Adding to the confusion surrounding the 74-year-old president’s health, Trump also told the largely mask-free crowd in the Pittsburgh suburb of Latrobe on Thursday night that he hopes he’ll survive if he were to ever suffer a heart attack.

“It could happen someday, OK? When it does, I hope things work out,” Trump said to roars from the audience members, who were packed close together on an airport runway.

The president’s health has come into renewed focus since an excerpt from an upcoming book revealed that Vice-President Mike Pence was told to be on standby to take over the powers of the presidency in case Trump had to undergo anaesthesia during his mysterious trip to Walter Reed Medical Centre in Maryland in November.
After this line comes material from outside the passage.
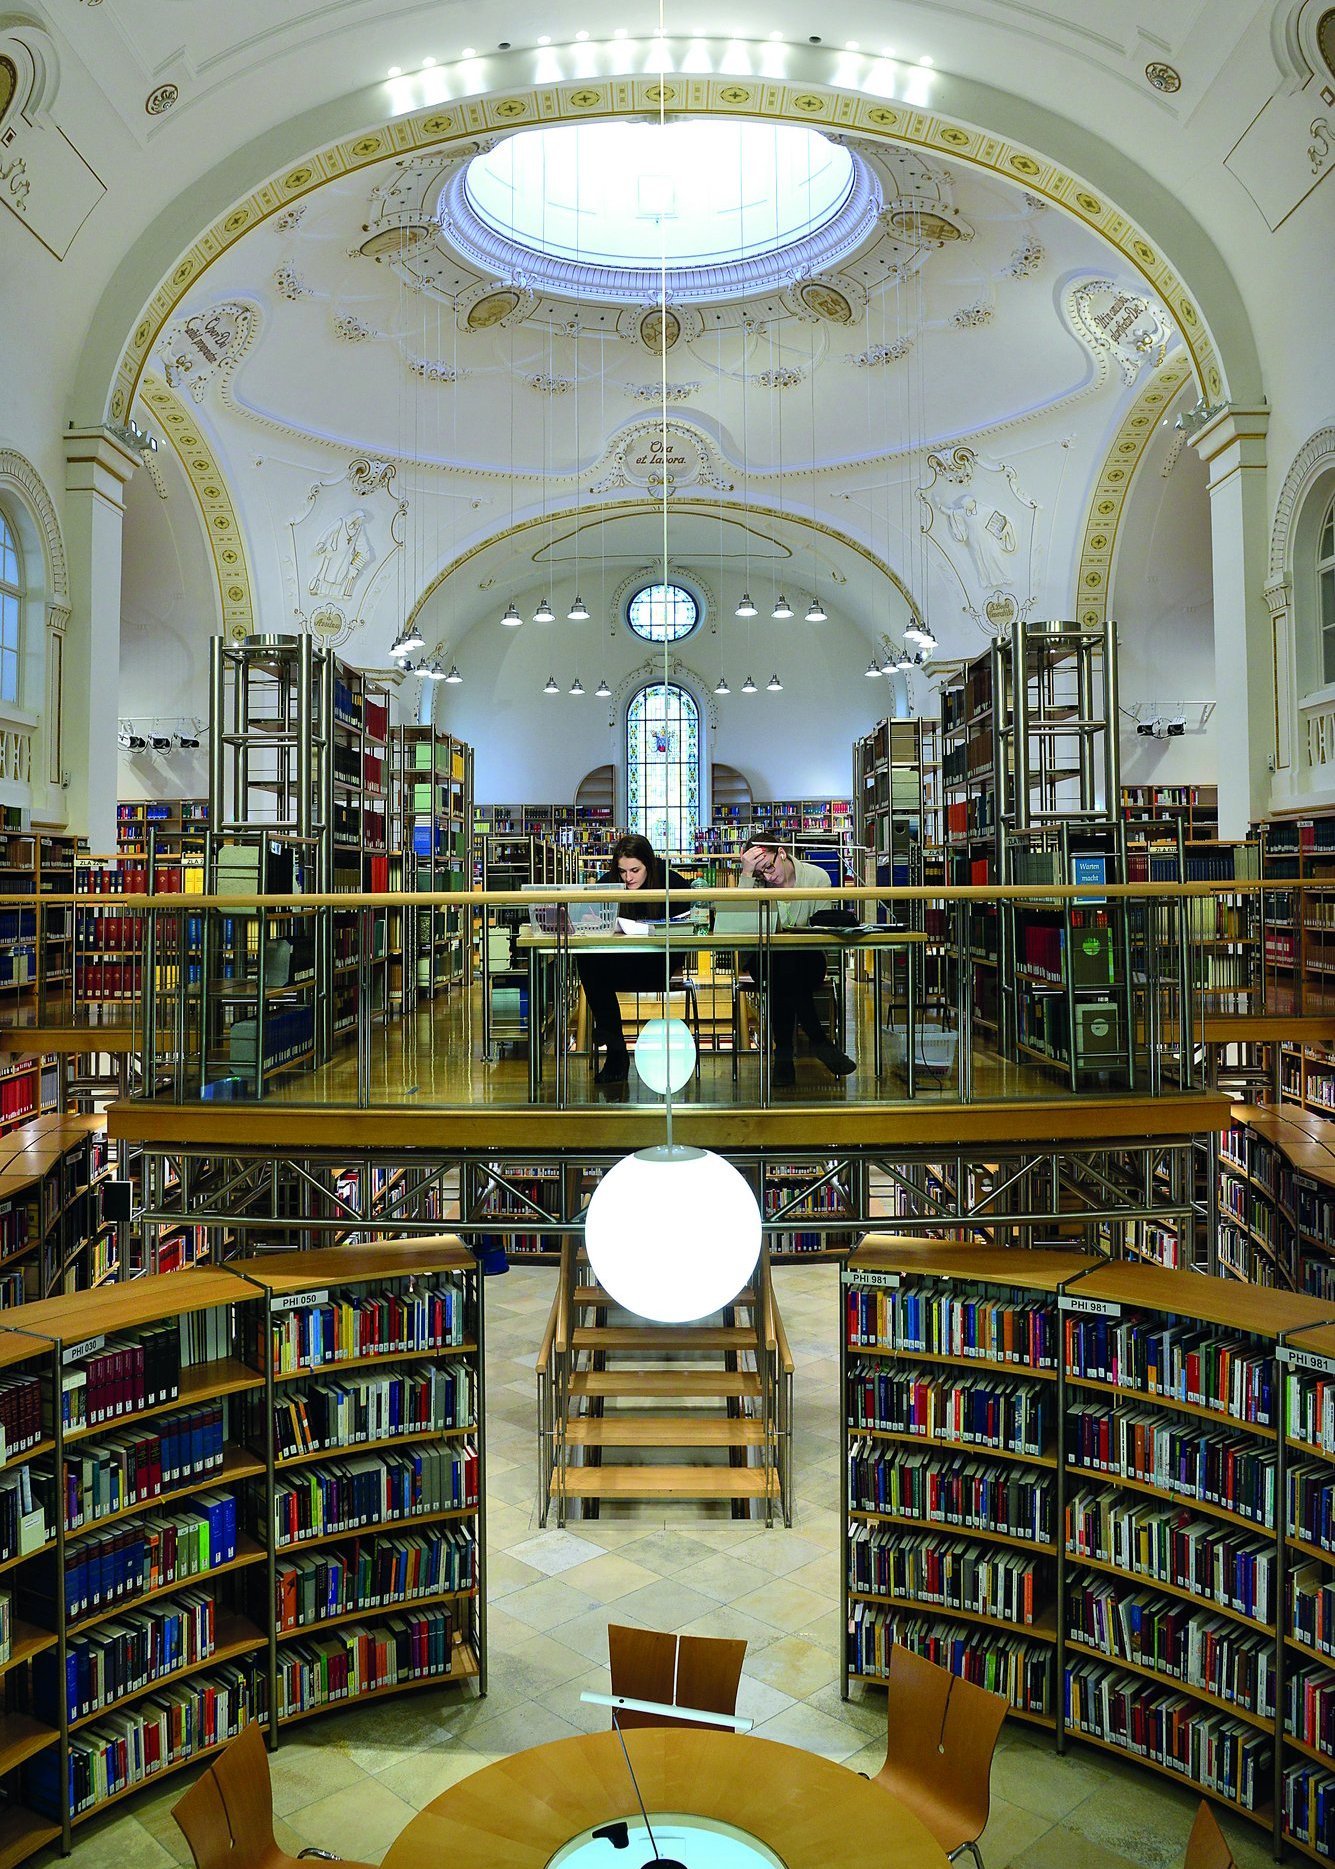 Die Landesbibliothek von innen, der Kuppelsaal mit Fenster im Dach und Bücherregalen

Trump shakes hands with Dr Ronny Jackson at the Walter Reed National Military Medical Centre in Bethesda, Maryland, in 2018. Photo: AFP

The book, by New York Times reporter Michael Schmidt, does not say that Trump had suffered a stroke ahead of the hospital visit, the reason for which has never been explained by the White House.

But that has not stopped Trump from spending the past three days incorrectly claiming that the book did say so.

He kept at it during the Thursday night rally.

Trump tells supporters to try to vote twice, sparking uproar

“It’s totally false, totally false. They still go with it,” Trump said. “I don’t know much about a mini-stroke … but I assume if you have a mini-stroke, you’re not heading back to the White House, right?”

Trump is greeted by supporters after disembarking Air Force One during his Keep America Great campaign event in Latrobe. Photo: The Tribune-Democrat via AP

Trump’s Pennsylvania visit came just two months ahead of November’s presidential election. Pennsylvania is one of several key swing states that Trump and Joe Biden are expected to battle for on November 3.

Beyond his self-created health scandal, Trump – who’s trailing Biden in most general election polls – spent a large chunk of the event pushing his hardline “law and order” pitch for re-election, as the coronavirus continues to crush the US economy and kill thousands of Americans every week.

“Biden’s plan is to appease the domestic terrorists, and my plan is to arrest them and prosecute them,” Trump said, referring to protesters demonstrating against this year’s police shootings of black Americans. “That’s why the rioters are voting for Biden, and the law enforcement people … they are all voting for me.”